Lillie, J., concurred.
FOURT, J.—I concur in the judgment. The record in this case indicates that it is but another of the long number of cases arising in Los Angeles County where there has been a miscarriage of justice in the administration of the statutes and laws pertaining to narcotics.
The appellant in this instance was charged with two prior convictions, the first of which had to do with burglary and narcotics, and the second of which had to do with narcotics. It was charged in the information that each of these prior offenses occurred in the State of Texas, and that appellant served a separate term in the state prison in the State of Texas for each of said offenses.
The district attorney offered, and there was received into evidence, documents which, without question, and without objection, clearly showed that the appellant had been so convicted and had served such terms in prison. It was stipulated that the person named in the documents was the appellant. It was then stipulated by the prosecution and the appellant, in effect, that the judge could determine the truth or falsity of the charges with reference to the prior convictions. The question was put “Do you want this judge to determine these priors?” and the appellant answered, “Yes.”
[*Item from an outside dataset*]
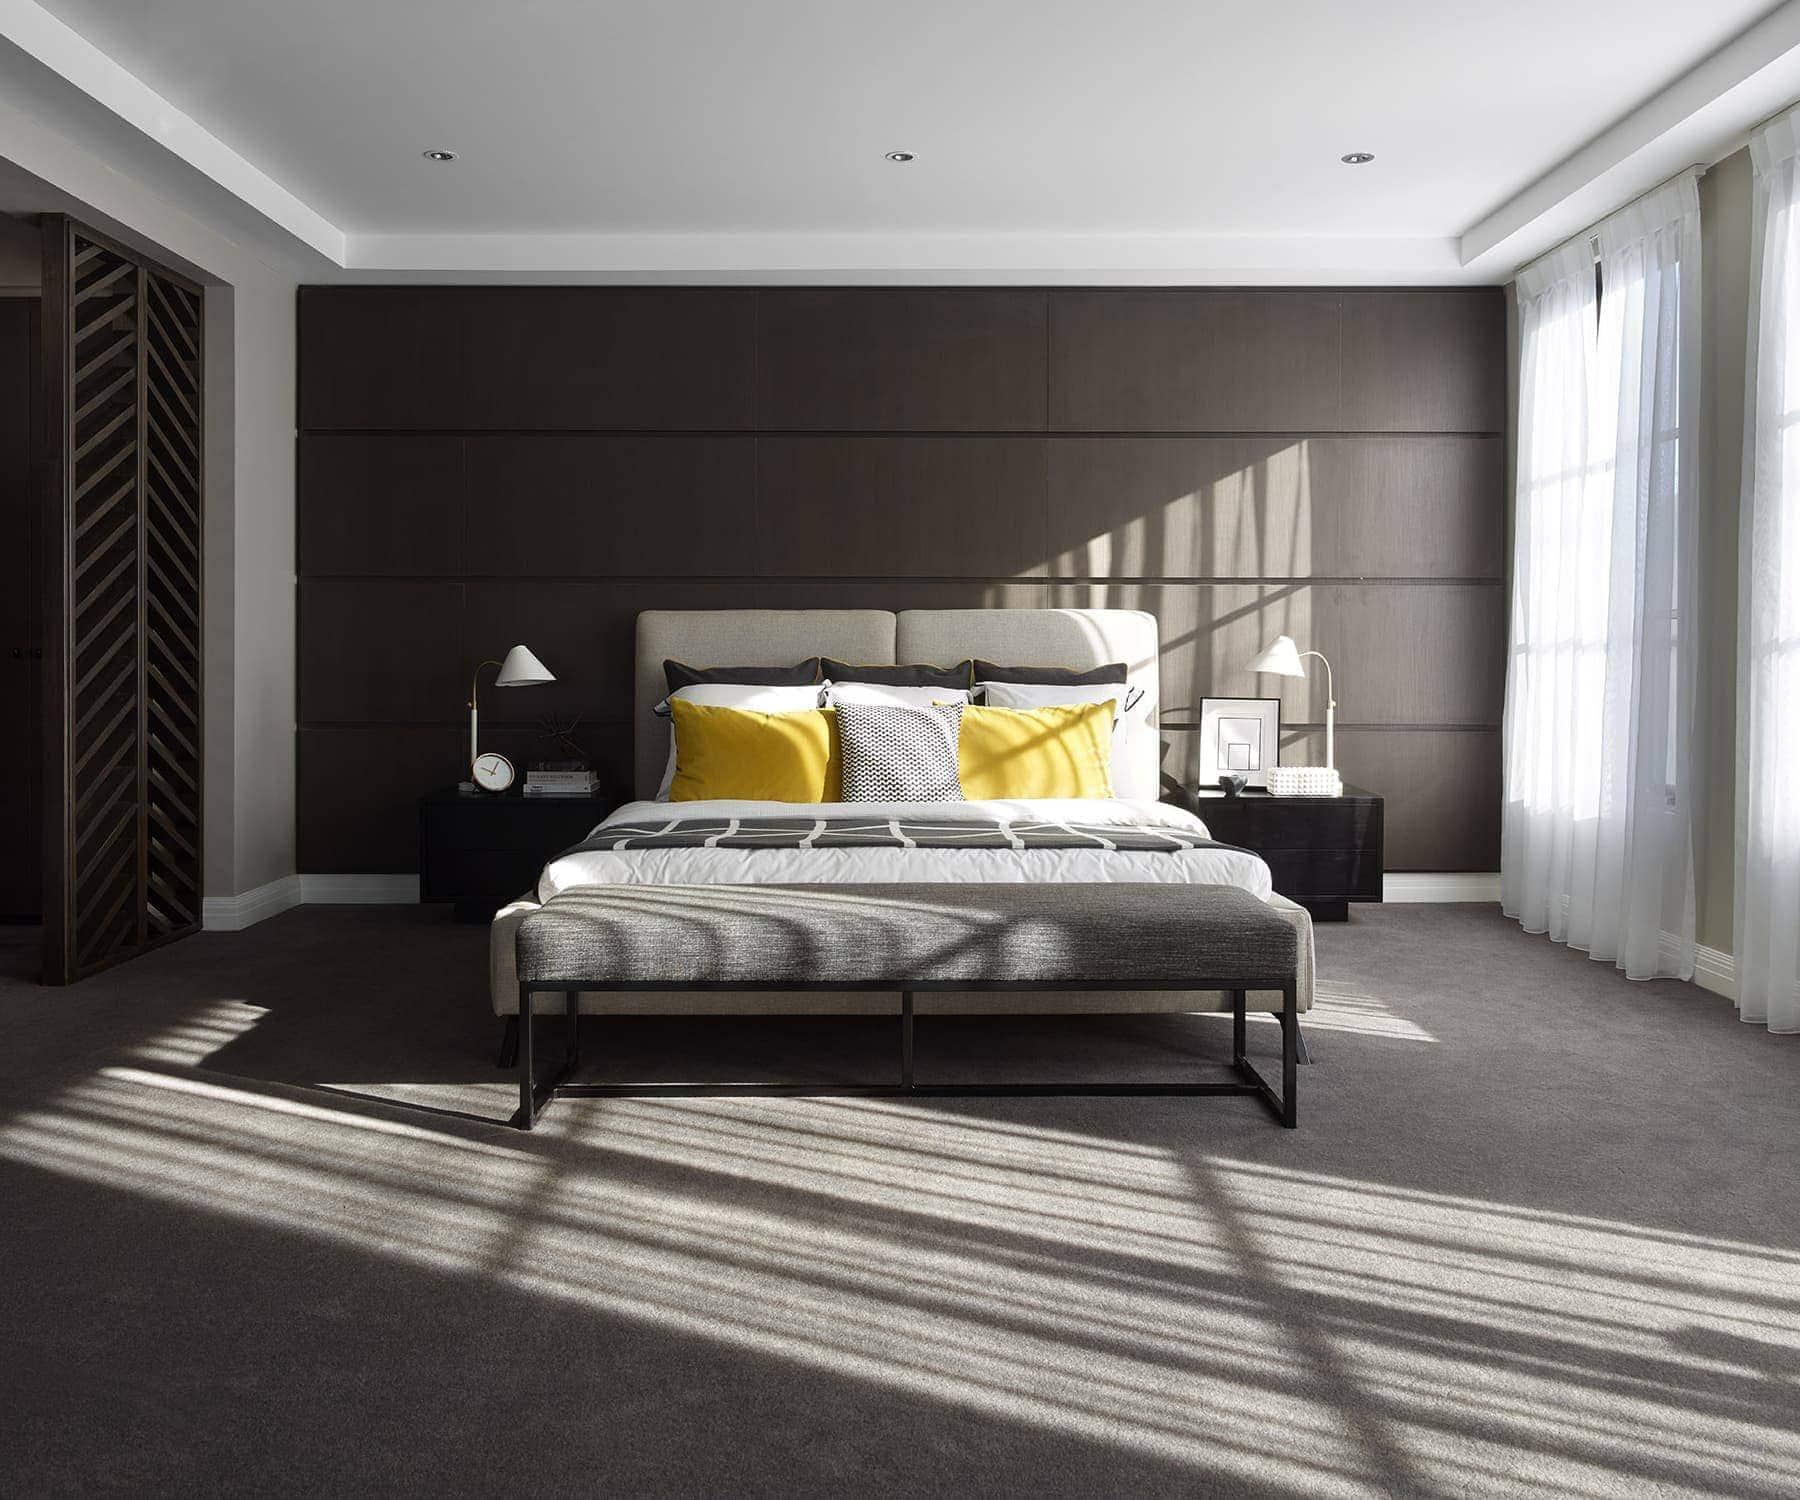 6 Dark Bedroom Wall Ideas To Embrace Tlc Interiors

The appellant took the witness stand and testified in his own behalf and admitted, with no hesitancy, that he had been so convicted of such felonies and that he had served terms in prison therefor. Even the attorney for the appellant, in pleading his cause to the court, said, “He has never, so far as I can see, had the opportunity to be placed on probation.
The judge then proceeded to ignore the fact of the priors and the terms served therefor, made no findings thereon, and sentenced the appellant as a first offender.
There is, so far as I can find, no excuse whatsoever for such a course other than to thwart the legislative intention, and the clear wording of the statutes made and provided in such instances, and to give an ex-convict who has twice been convicted of narcotic offenses the advantage of being sentenced as a first offender. Such a course brings the administration of criminal justice into disrepute, unnecessarily breeds serious problems and is grossly unfair to the defendants who are properly sentenced and are serving terms in the state prison as recidivists. (See
It is not readily ascertainable from the record just why the district attorney did not, at least, ask the judge to make a finding with reference to the priors, even if he, the district attorney, assumed that the judge might, notwithstanding the uncontradicted evidence, find that it was not true that the appellant was previously convicted as alleged. At least there might have been a determination.
* A hearing was granted by the Supreme Court on June 4, 1958. The final opinion of that court is reported in 50 Cal.2d 688 [328 P.2d 973].